# need to ID this fish



## gourami (Jan 23, 2011)

can anyone identify this fish please, I got three of them when a guy was taking his tank down but we have no idea of the name. The three white fish in the middle.

Aquarium Gallery - a couple more pics


----------



## susankat (Nov 15, 2008)

Looks like white skirt tetras


----------



## NeonShark666 (Dec 13, 2010)

The two fish that I see are Congo Tetras. The one on the top, with a long tail is a male. The bottom one is a female. They like to run in schools (5+) and get 5 inches+ in length. They like to go after Bugs and Crickets on the surface. They need frequent water changes to stay healthy.
Good Luck with them!


----------



## gourami (Jan 23, 2011)

I think Susankat hit it. I looked up both and they look like white's. There is no color in them they are all white.
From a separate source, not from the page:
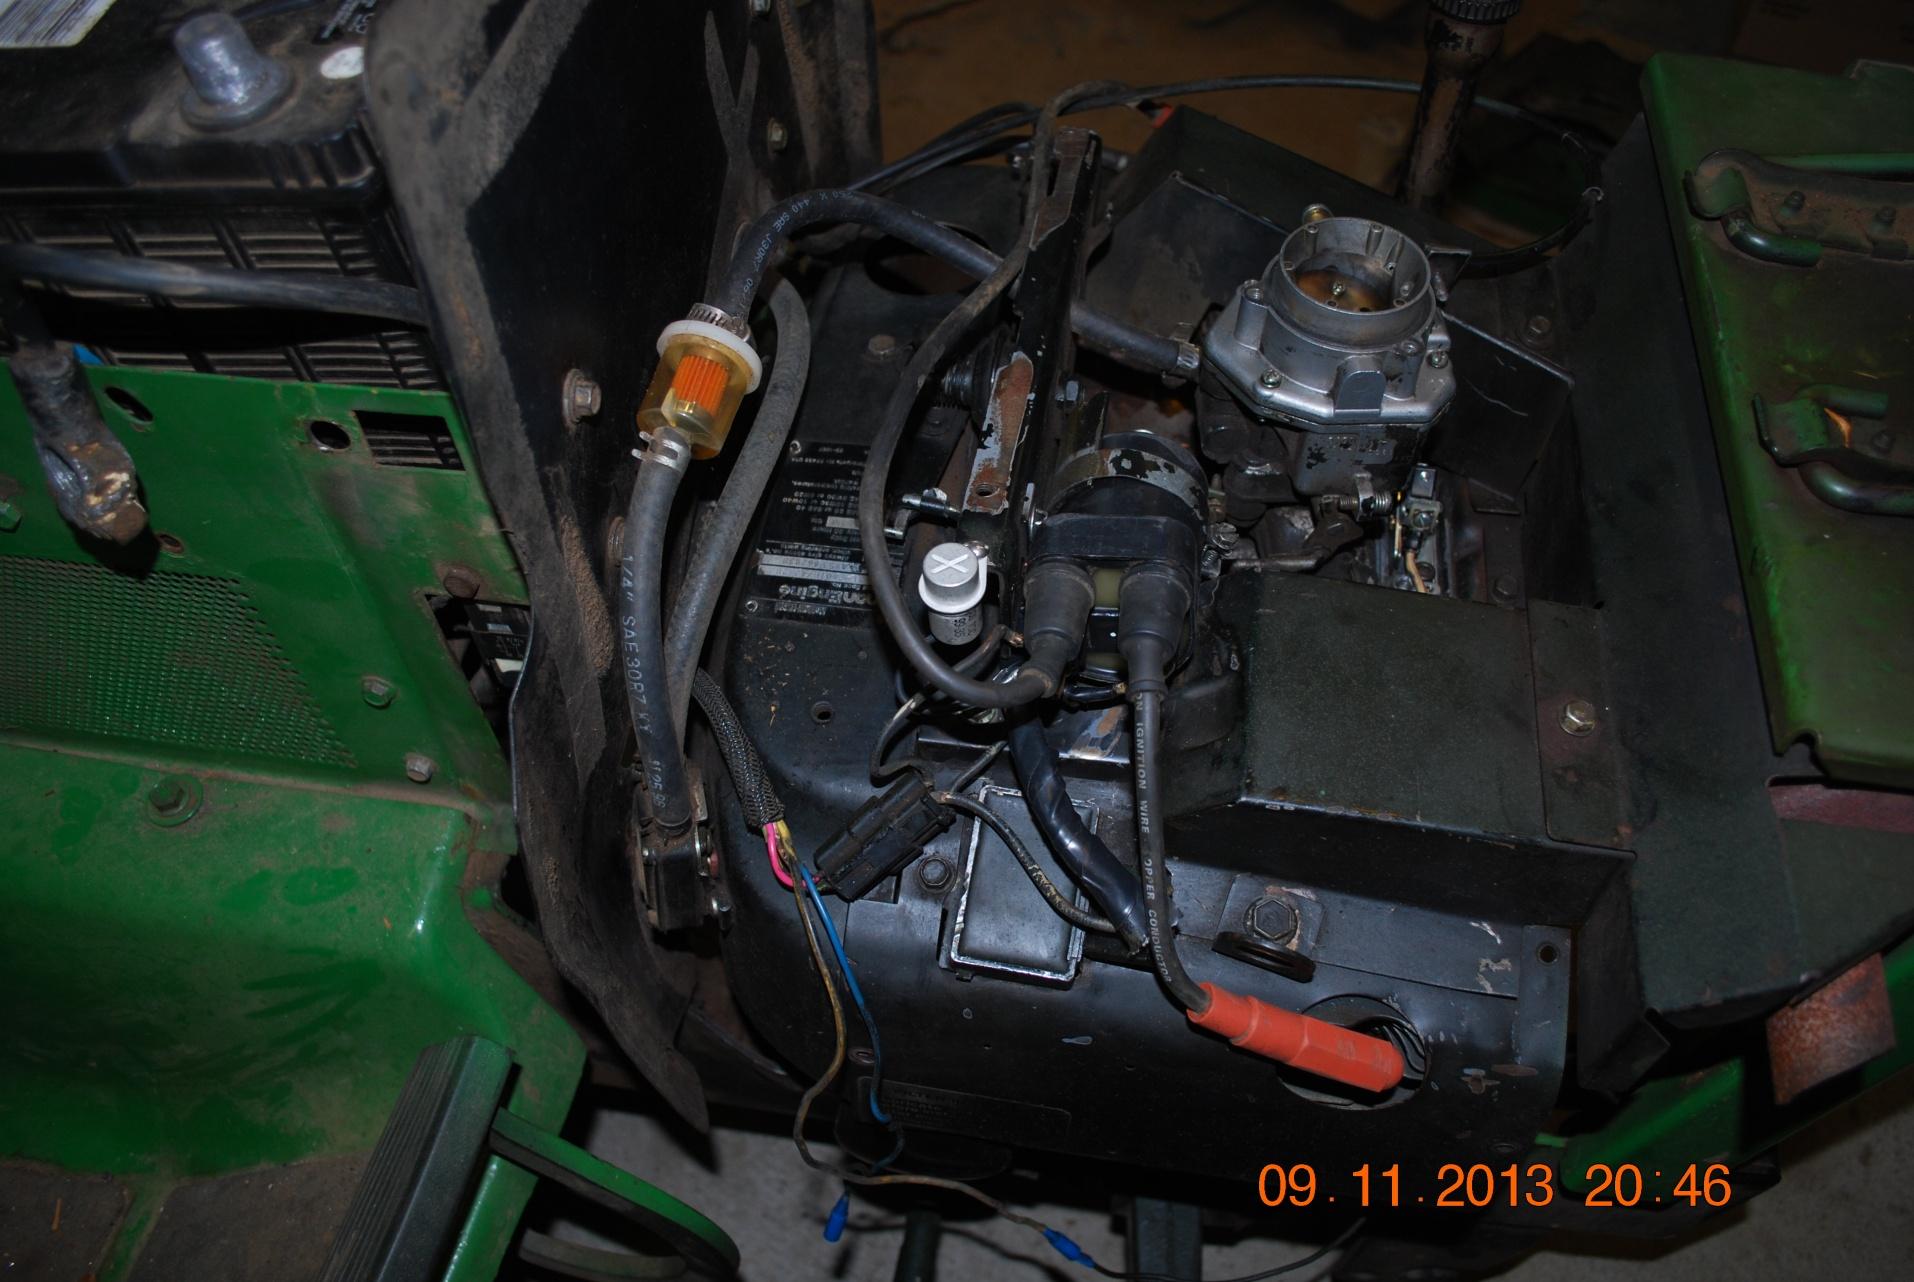 wiring diagram john deere 316 wiring diagrams and schematics john deere 345 wiring diagram diagrams and schematics

Maybe I'll take some more pics and make them a little smaller as the ones I put up are huge.


----------



## majerah1 (Oct 29, 2010)

Yeah i found a link to the white skirts.They look exactly like the short finned versions,and the link even says they will artificially dye them at time.


----------



## mk4gti (Jun 15, 2010)

Ive seen these listed at LFS as "strawberry" skirt tetras, some look to be an albino varation of skirt tetras with some color artifically added.


----------